— Data extract —
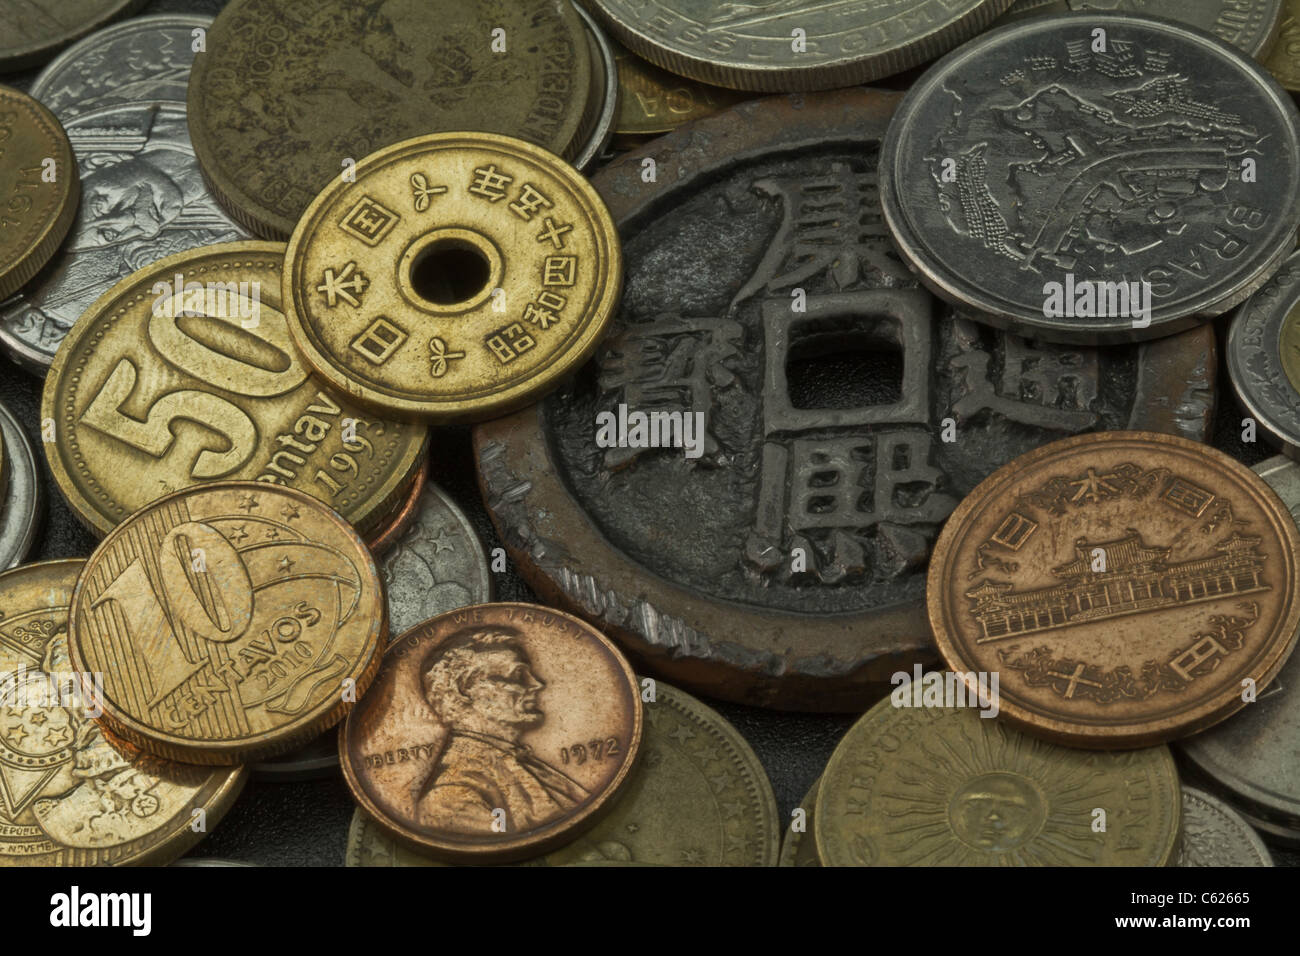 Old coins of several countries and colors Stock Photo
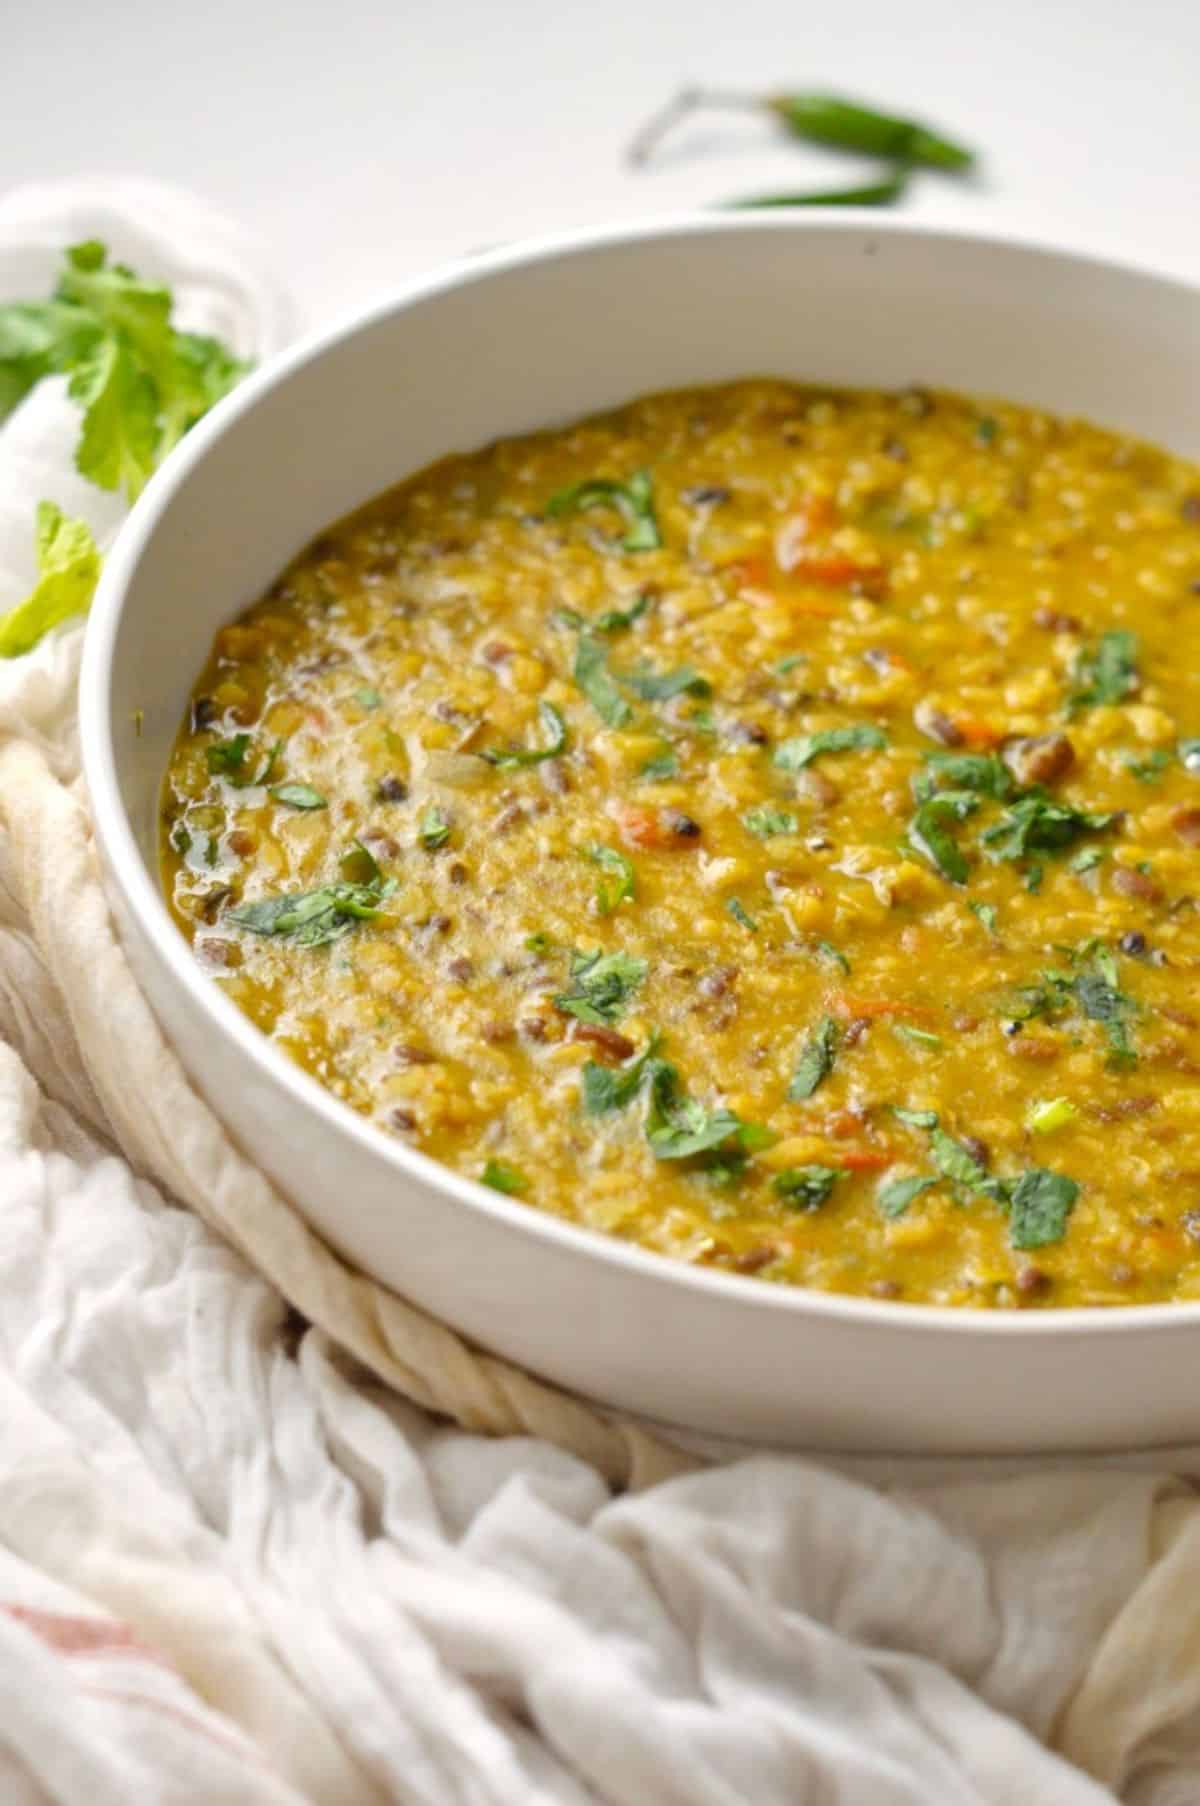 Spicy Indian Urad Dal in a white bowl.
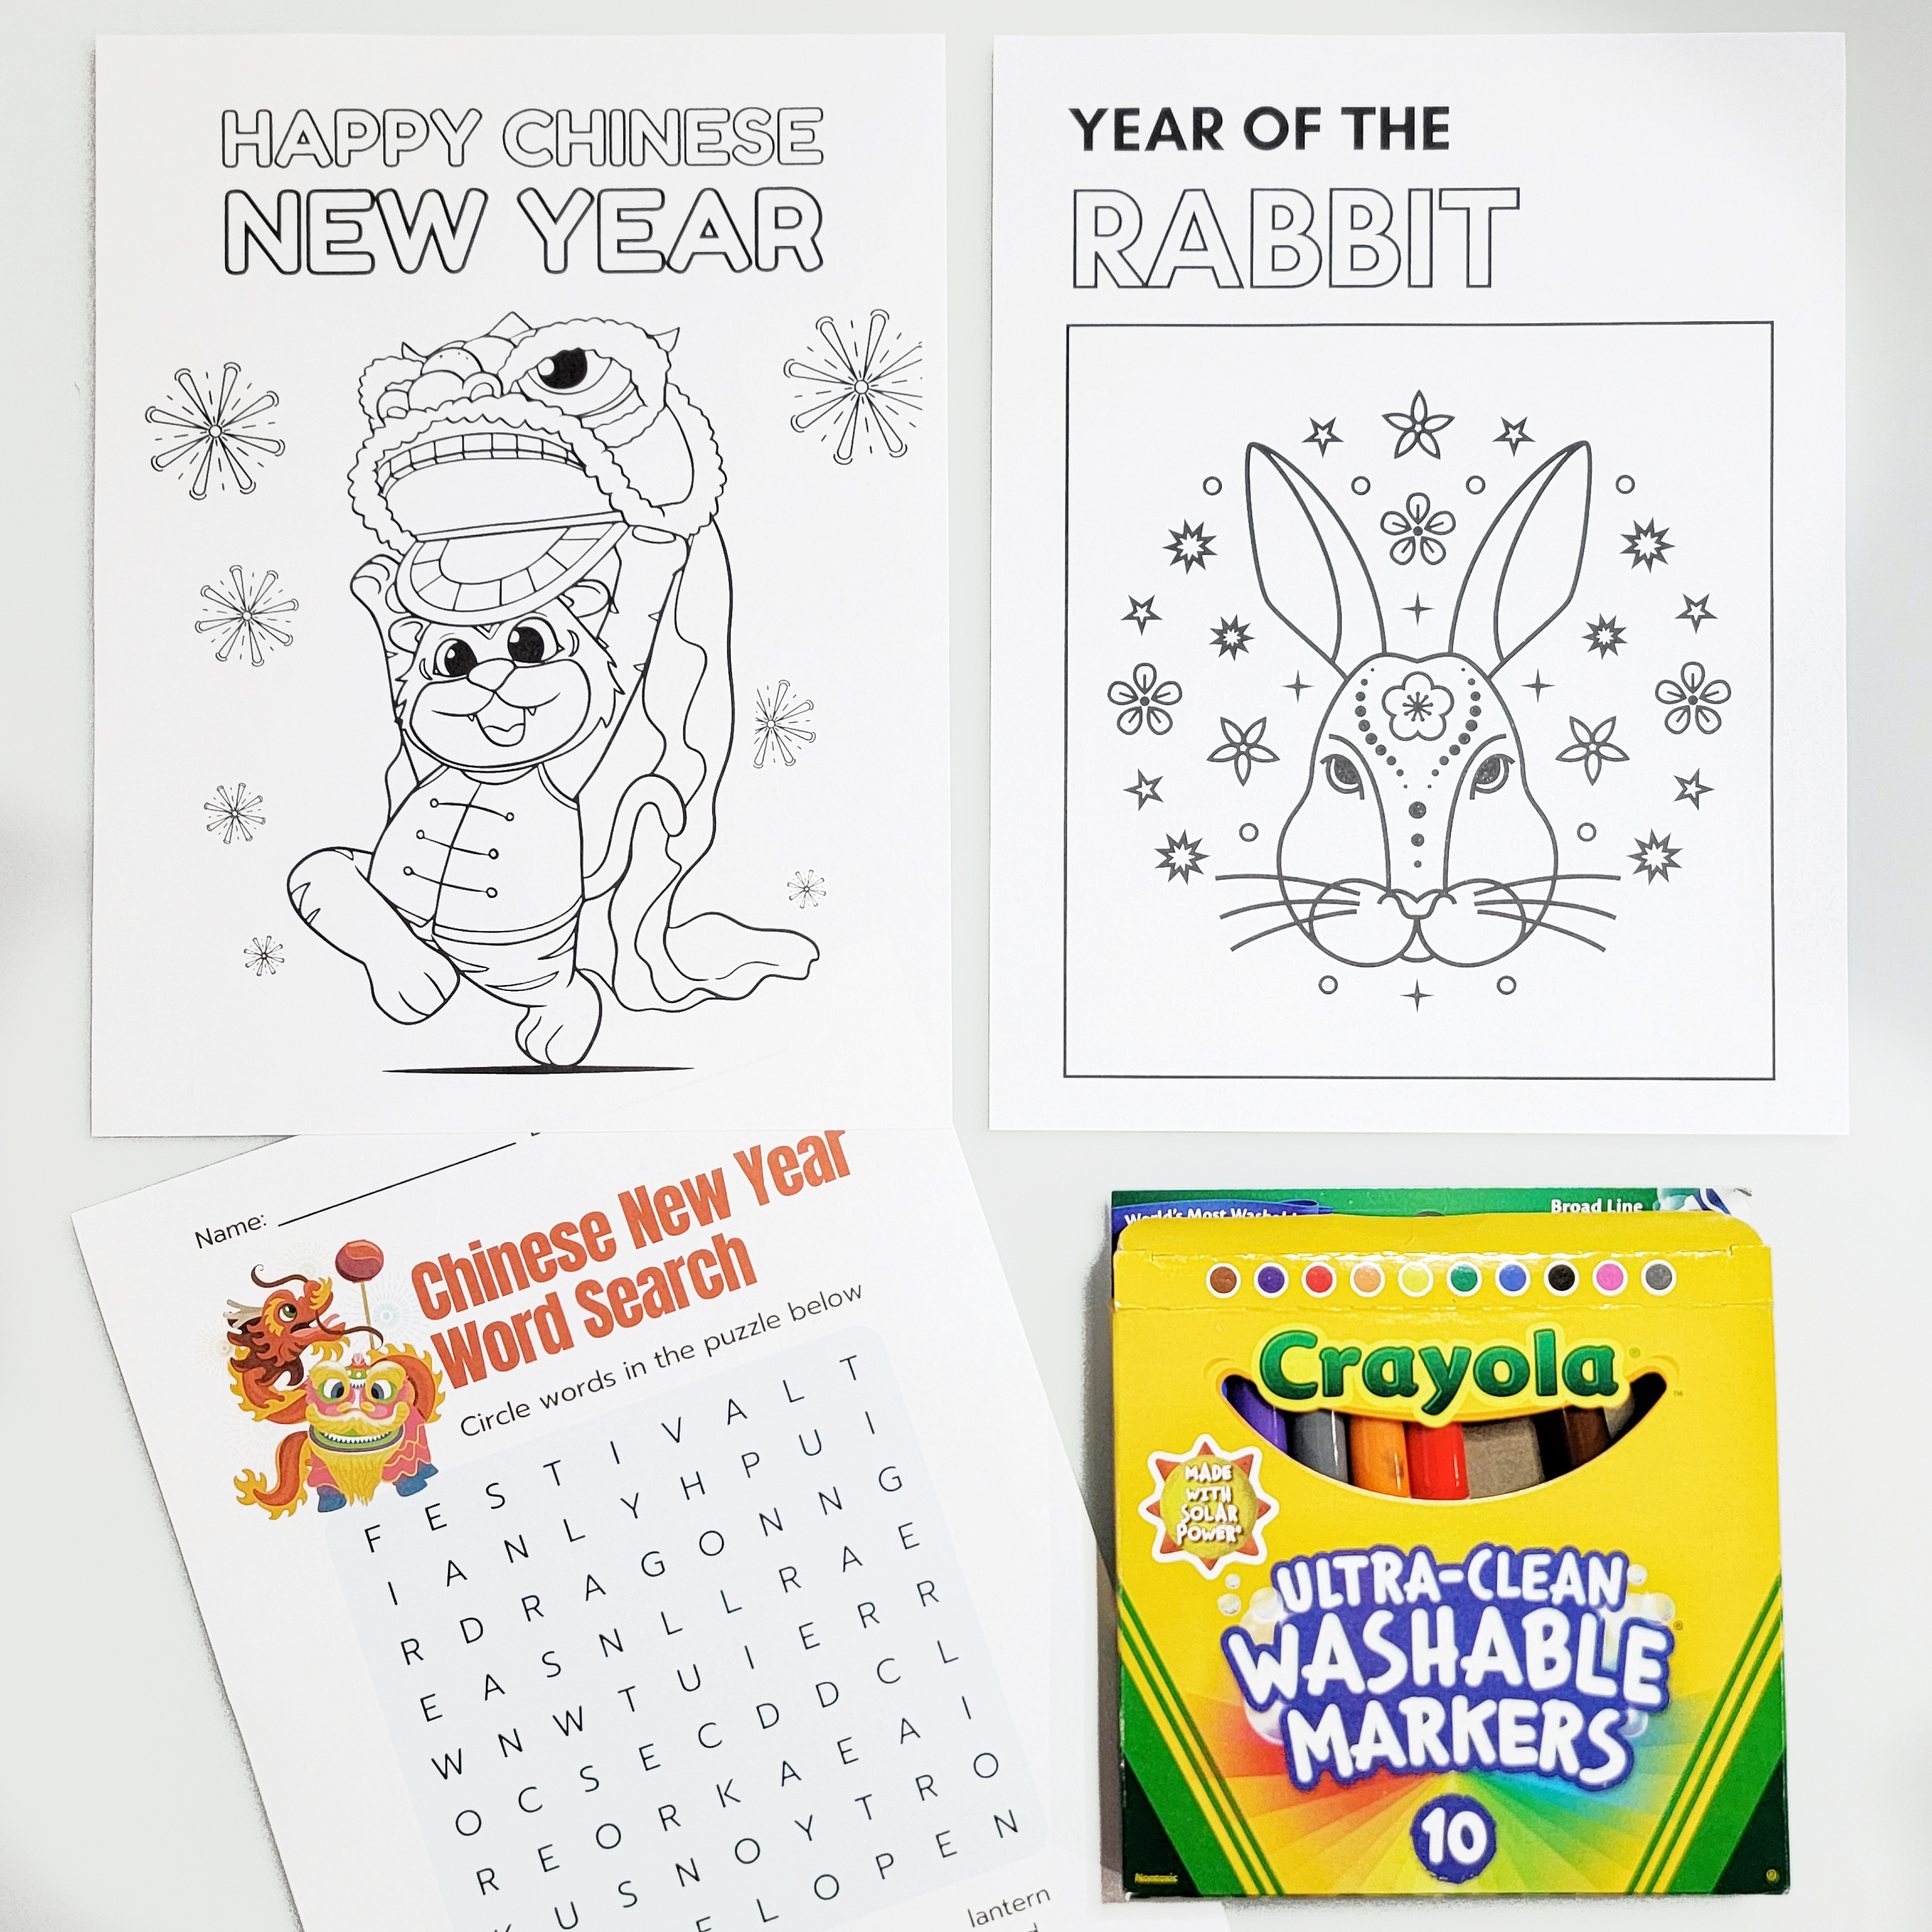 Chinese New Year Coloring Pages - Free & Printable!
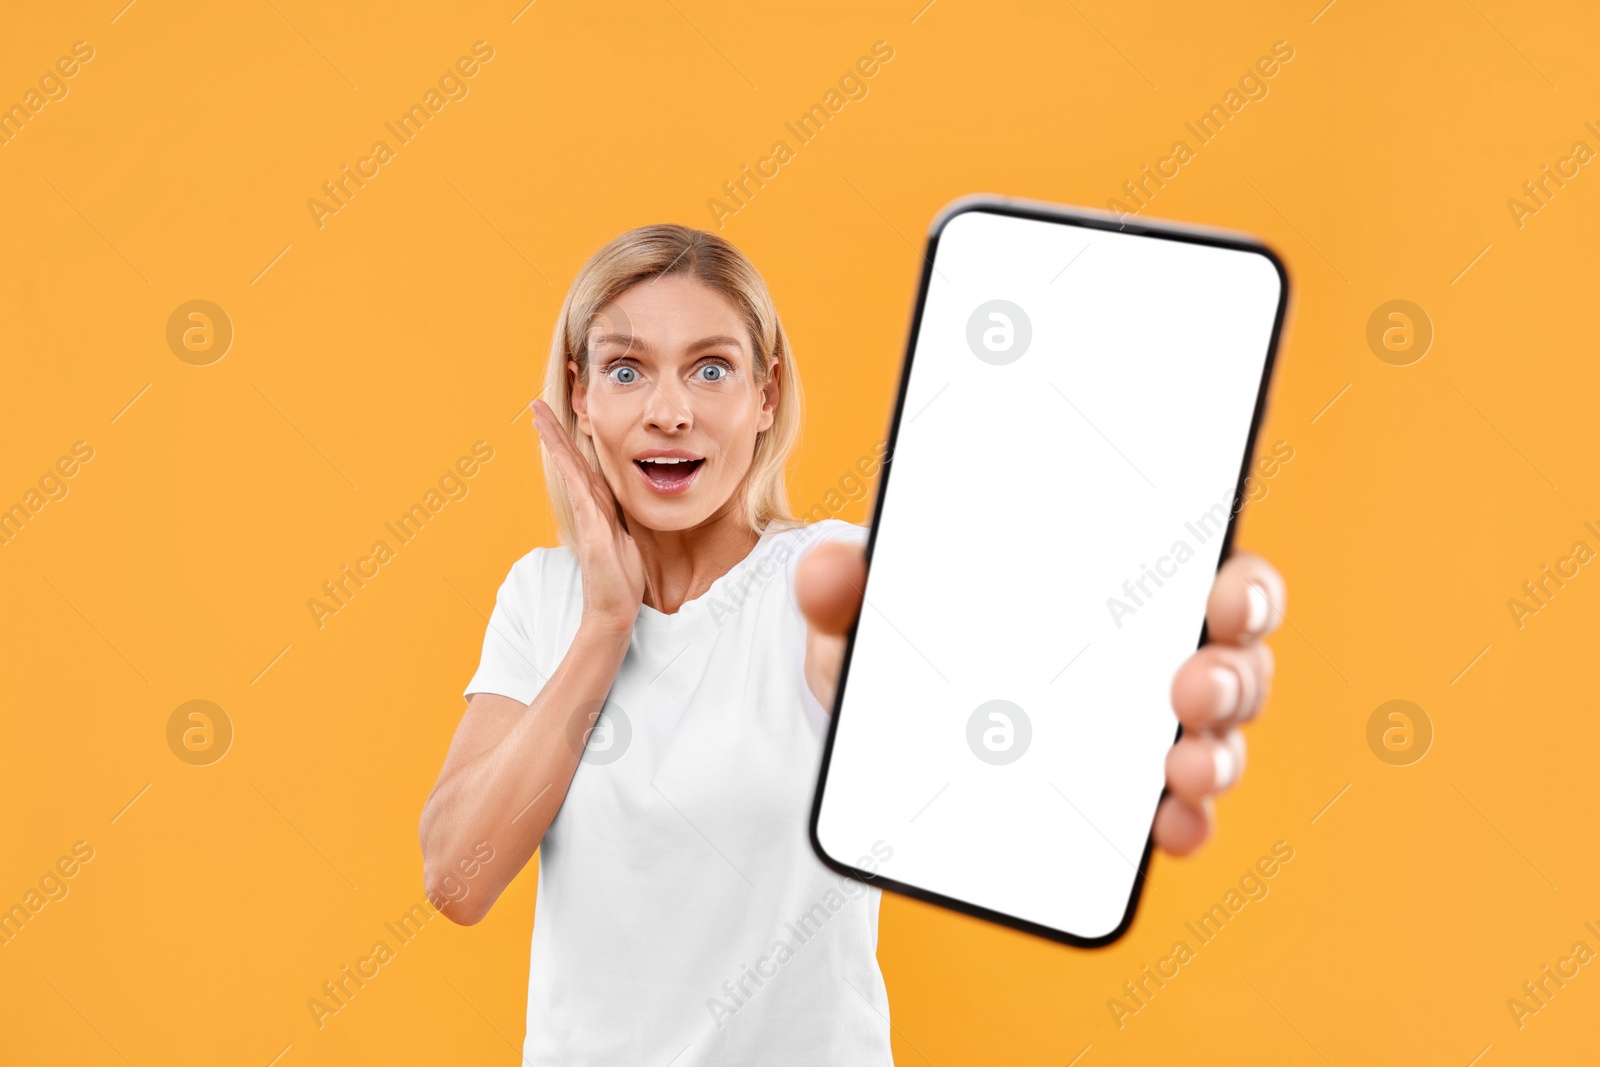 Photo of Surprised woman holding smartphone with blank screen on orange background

— Task prompt —
Set down the data above exactly as written. Omit the pictures.

— Response to the exercise —
 Old coins of several countries and colors Stock Photo
 Spicy Indian Urad Dal in a white bowl.
 Chinese New Year Coloring Pages - Free & Printable!
 Photo of Surprised woman holding smartphone with blank screen on orange background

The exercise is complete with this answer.